Facing criticism for a recent flurry of canonizations, including an Op Ed in the Vatican Times calling him the first assembly line saint maker, Pope Francis has dug in his velvet clad heels, calling the complaints vague and unscrupulous.
“I make any saints I want, any time I want, said the scrappy Pontiff, and if some bishop gets his silken undies in a bunch, that’s his problem, not mine.”

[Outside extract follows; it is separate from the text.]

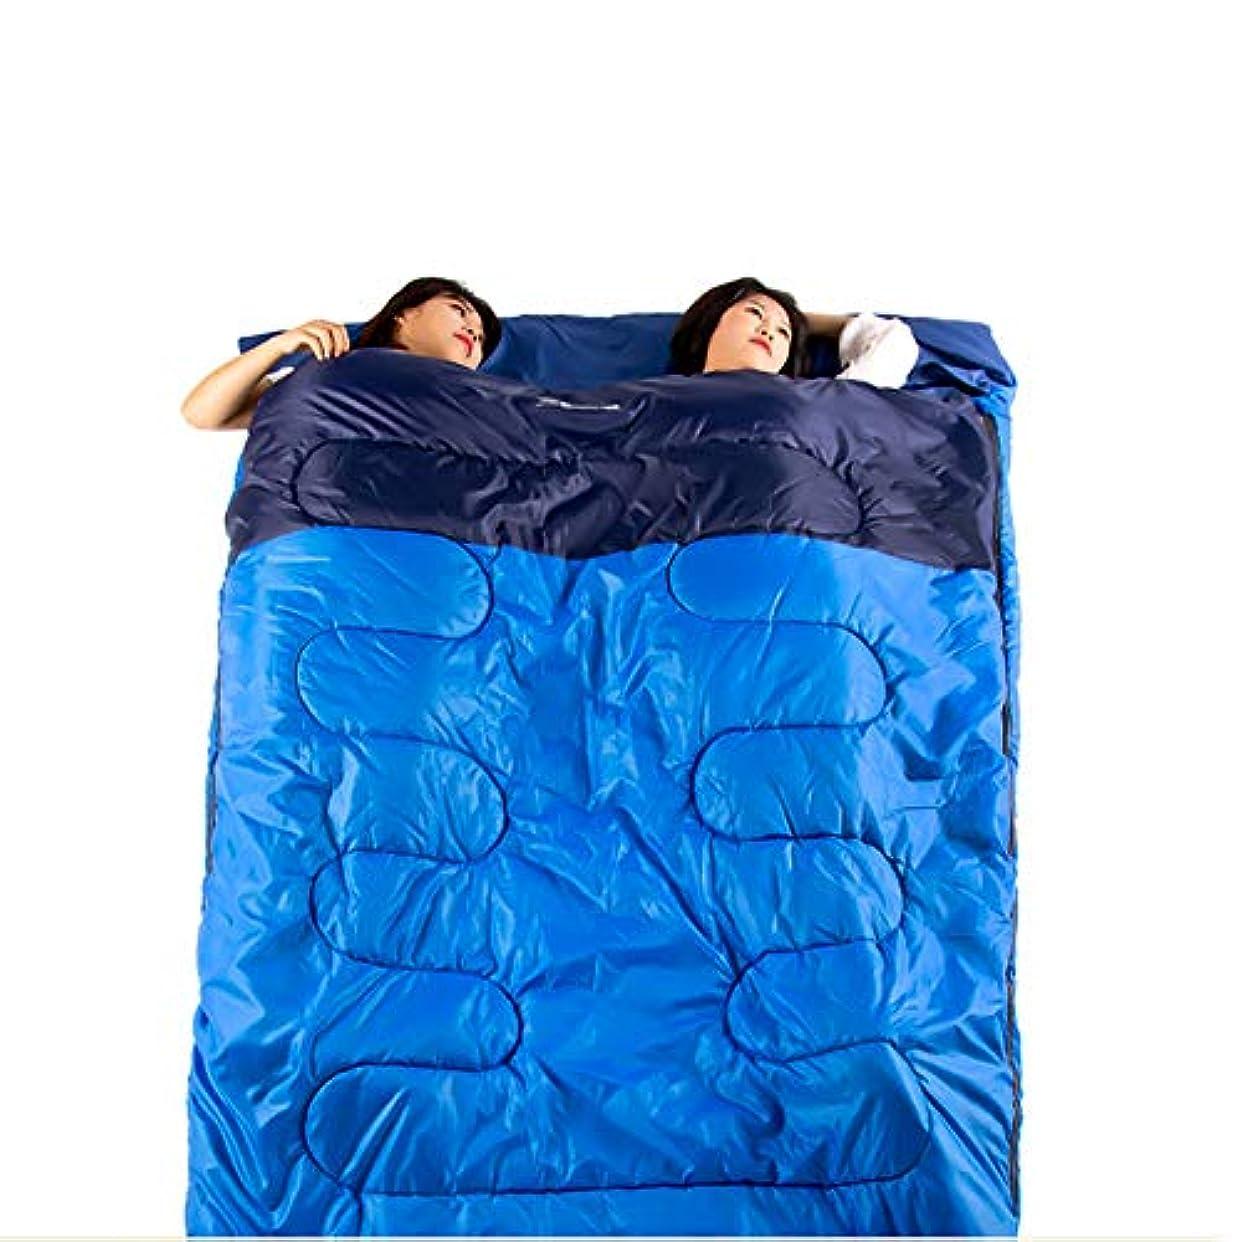 れる新着原油ダブル寝袋, 暖かい秋冬キャンプ睡眠袋大人愛好家防水睡眠袋コンパクト通気性特大のスリーピングパッドキャンプ屋外活動,blue,220*145cm

Perhaps to demonstrate his papal dismissal of critics he considers unworthy, Francis has upped the ante by installing the first do-it-yourself canonizer right next to the Vatican Cloak Room, where tourists can back up to a motorized statue of his Holiness, deposit 10,000 lira ($5.77 in US currency) and get mechanically canonized by the anatomically correct icon. At the moment of automated sainthood, the holy automaton exclaims, “Mama Mia!” as the realistic eyes roll and the canonizer gives a final forward thrust.
A personally signed certificate of sainthood then pops out from under Frank’s beanie along with a Handi-Wipe to eradicate the holy lubricant.
Comments from tourists have been mixed.
“I usually get kissed before being bent over, said Ursula B. from Dallas, Texas, but I wouldn’t want to hold up the line.”
“It was kinda like riding a mechanical bull, mumbled an embarrassed Brady T. from Los Angeles, but didn’t last as long.”